Issues in question: depression, PTSD.

Anything one should do? Anything that's a big no?

I'm also aware that people deal with trauma differently, but how much leeway for difference do I have before things get wildly implausible?
Clowns to the left of me, jokers to the right, here I am...
Beardless
Well, as a PTSD sufferer, I can only share my personal experience, as the symptoms seem to vary a fair bit. Over the past decade since the incident in question, my personality changed a lot. I became a lot less outgoing (to the point where I no longer have any close friends), I became more prone to feeling intense negative emotions and I had frequent, vivid nightmares until I started taking fluoxetine.

Anger was a real problem for me; it was often disproportionate to the situation and very difficult to control. I became very vindictive and antisocial, and I lost a good friend because I couldn't calm myself down.

I think the worst part was the emotional fragility, though. Throughout primary and high school, I was always the kid who cried when I got hurt and got in trouble for back-talking teachers. Since the incident that traumatised me, I've done all I can to disassociate myself from everything related to it, which is why I want to get away from my family and even this country. It might seem disproportionate, but it's the only way I'll get some peace of mind.

I don't remember people treating me in a particular way, but emotional support is very important. I didn't get enough, and my PTSD nearly smothered me (i.e. I came very close to suicide). If the affected character in question doesn't like talking about it, then the way unfamiliar people treat him/her might be emotionally harmful if they're particularly unpleasant, so they need to be real tight with their friends.

Uh, that's basically all I've got. I hope you can glean something helpful from this.
I have no beard. I have no beard, and I must scream.
 3 Merlo, Sat, 1st Oct '11 6:27:03 PM from the masochist chamber
*hrrrrrk*
Thank you for sharing. That was very helpful! I'm sorry that your experience was unpleasant, I wish the best of luck to you smile

Sorry, could you be more explicit about "emotional support" if you don't mind? I'm still a little unclear on that.

edited 1st Oct '11 7:46:26 PM by Merlo

Clowns to the left of me, jokers to the right, here I am...
Keeping in mind depression can range from 'I get home and don't want to do anything' to 'I can't get out of bed today'...

The main big no is suggesting that they 'just get over it'. I'm assuming that one was obvious though. smile

Um, depression doesn't need to have any external triggers. You can be depressed when your life is otherwise fine. (True story: I don't when I started being depressed. I got on anti-depressants when I was 21. Suddenly I had a normal range of emotions. My life is fine. Not great, but fine. I'm still depressed).

Oh, and weird thing: depression can be literally painful. Headaches, general aches and pains, etc.

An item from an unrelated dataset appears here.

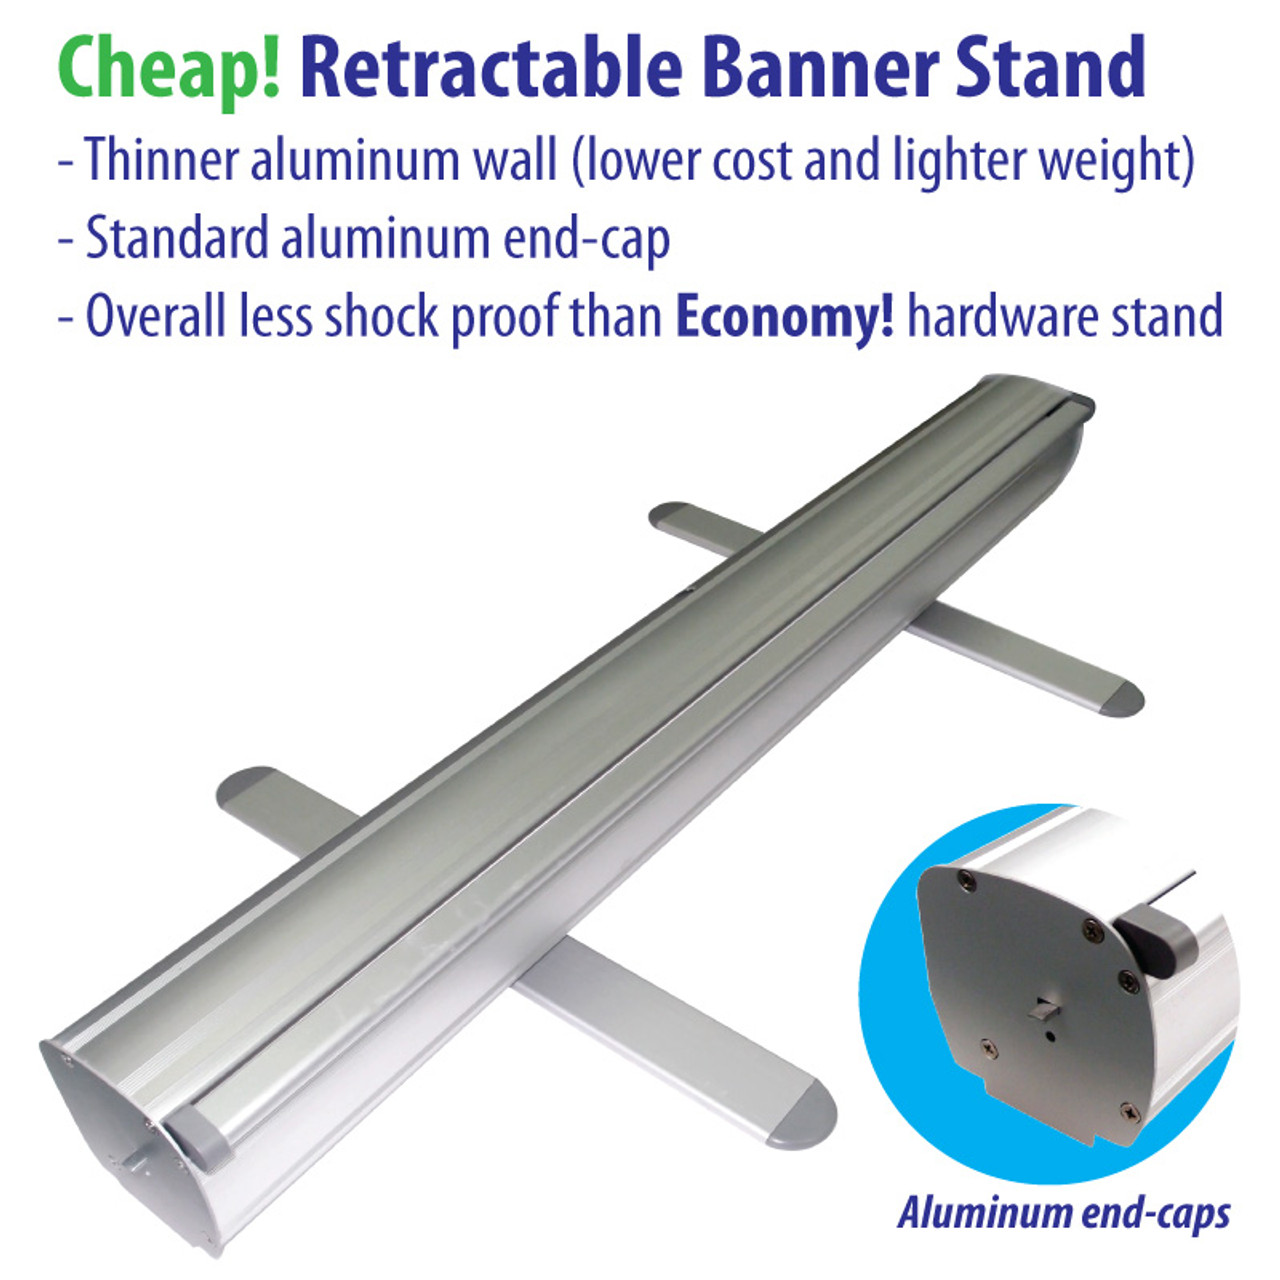 QuickSilver Pro 24 Table Top Retractable Banner Stand

Don't know how much that helps.
www.curiouslylydean.net - comics, writing, and other geeky things
 5 Ronka 87, Sat, 1st Oct '11 9:26:57 PM from the mouth of madness.
Maid of Win
Are you writing this from the perspective of someone who suffers from PTSD or depression, or someone interacting with someone with it? If the latter, what is their level of competency/interaction— are they a doctor, therapist, wife, child, friend, superior, stranger?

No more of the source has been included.